A client called me recently to ask why I thought their supervisor hadn’t been as friendly as usual. Was this a reflection on their work? Could it be an indication of a bigger problem? I ended up playing the mediator — a good job for me — and reached out to the supervisor to find out what was going on. That person explained that they were in the middle of some personal problems and didn’t feel up to chatting around the water cooler. My client was incredibly relieved to hear there wasn’t something wrong at work.
A friend called to express frustration about an electrician who hadn’t answered several messages. I reached out to the electrician, who explained that his son has been sick and he needed a few more days to finish the project. My friend was thrilled to know the work would soon continue.
A colleague called to complain about an account manager who…You get the idea. I spend a surprising amount of my day — both when I’m on the clock and when I’m not — having those conversations that clients and colleagues and friends find too difficult.
Of course, I always ask that person: What can we do to get you to make that call next time?
We vent about our problems with a lot of people in our lives: friends and family members, job recruiters and career coaches, and therapists and marriage counselors. It’s a great first step, but if we’re not prepared to confront these issues, is it really much more than another type of gossip?
I believe in tackling things head-on. That’s why in my own company, Balancing Life’s Issues, the minute someone starts complaining about someone else, I call them in to join the conversation. I know that people are taken aback by this, but to become the kind of organization that we want to be — and to practice what we preach to others— I think it’s important to nip this gossip in the bud.
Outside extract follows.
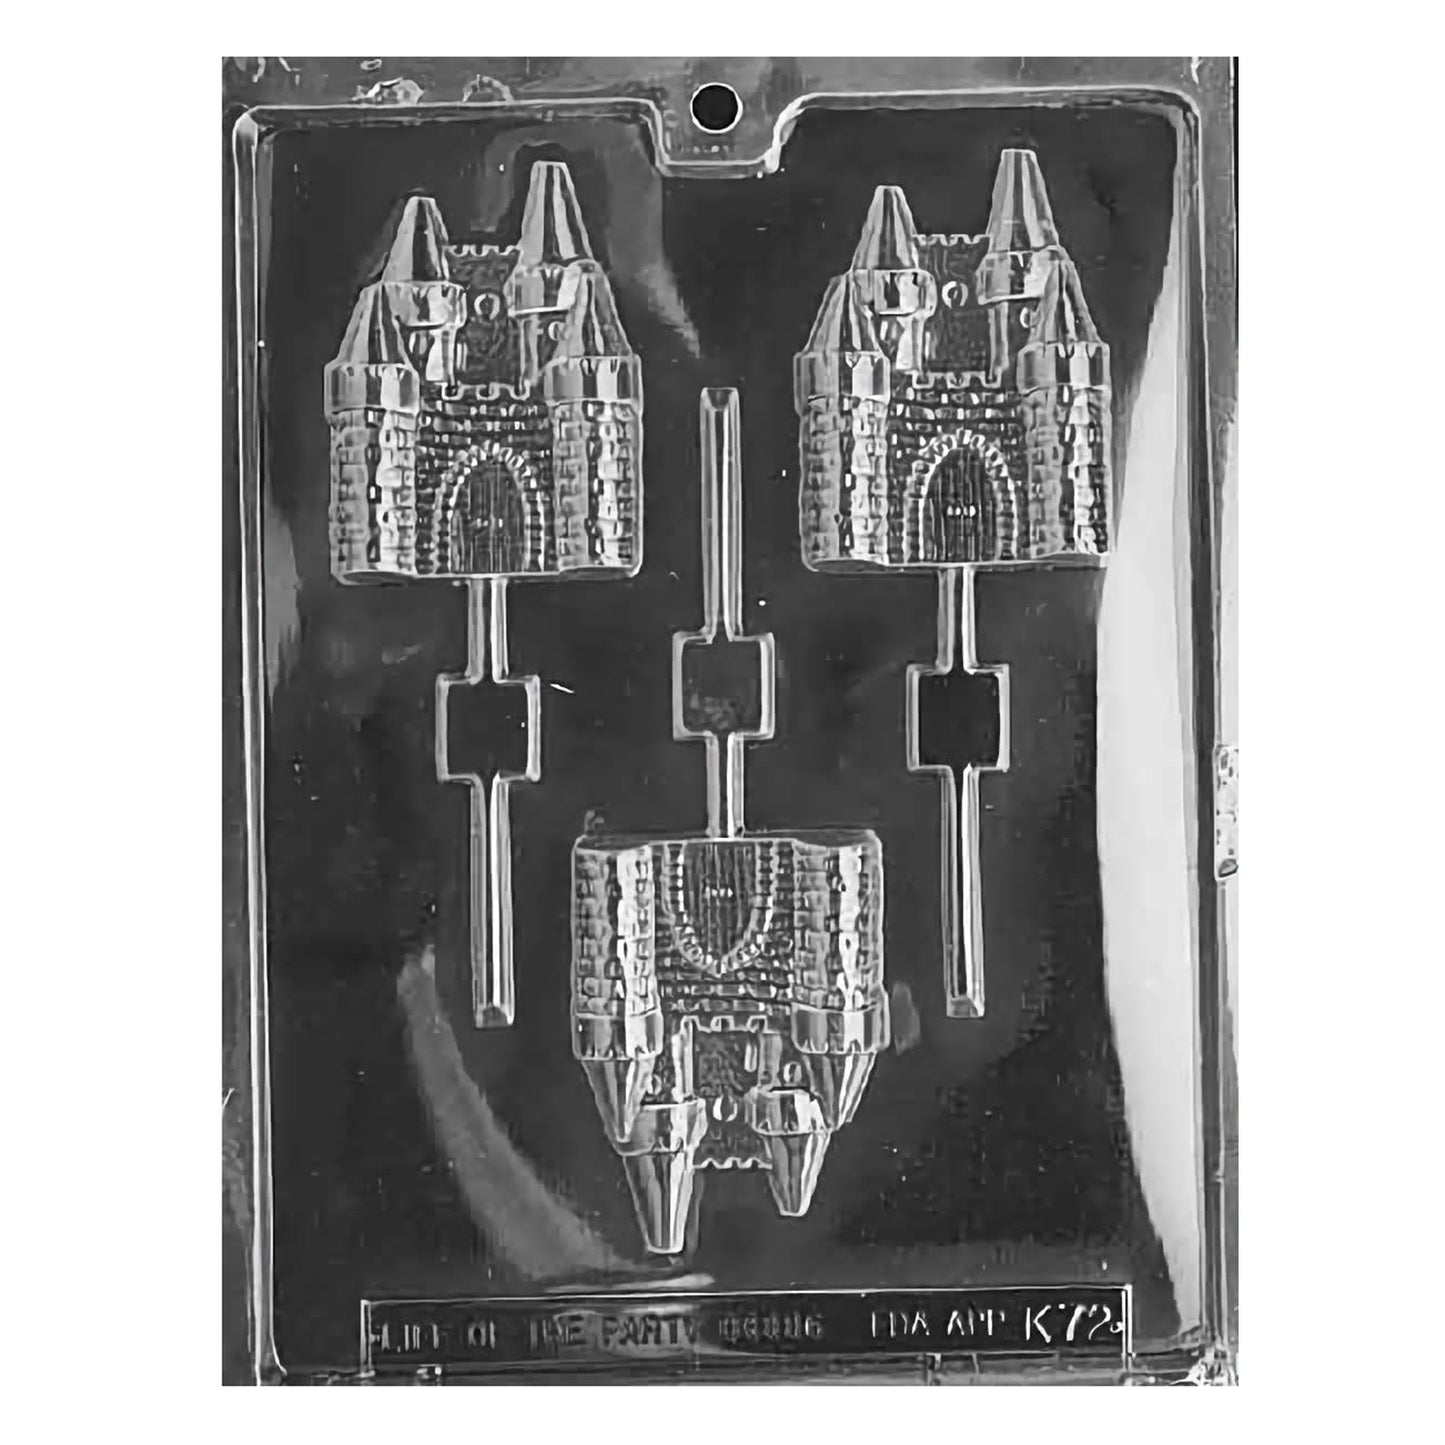 A set of three-dimensional castle chocolate lollipop molds, intricately detailed with turrets, bricks, and an arched gateway, ideal for creating magical treats for themed birthday parties or fairytale event favors.

These kinds of “brutal conversations” aren’t just a way to solve the problem we’re facing at the moment. They help us build stronger, healthier relationships with the people around us.
By “brutal,” I don’t mean being harsh or severe. I’m talking about conversations that are so honest, direct, and to-the-point that at first one or both people might be a little uncomfortable. These are the kinds of talks that have the power to change the status quo, to take something that has gone off track and get it going in the right direction again.
Does just the thought of having one of these conversations make you tense? That’s OK! Nobody likes having them, but the bad news is that you won’t develop meaningful relationships - professional or personal - unless you do. To start, you’ll need to have those skills on hand when and if they need them.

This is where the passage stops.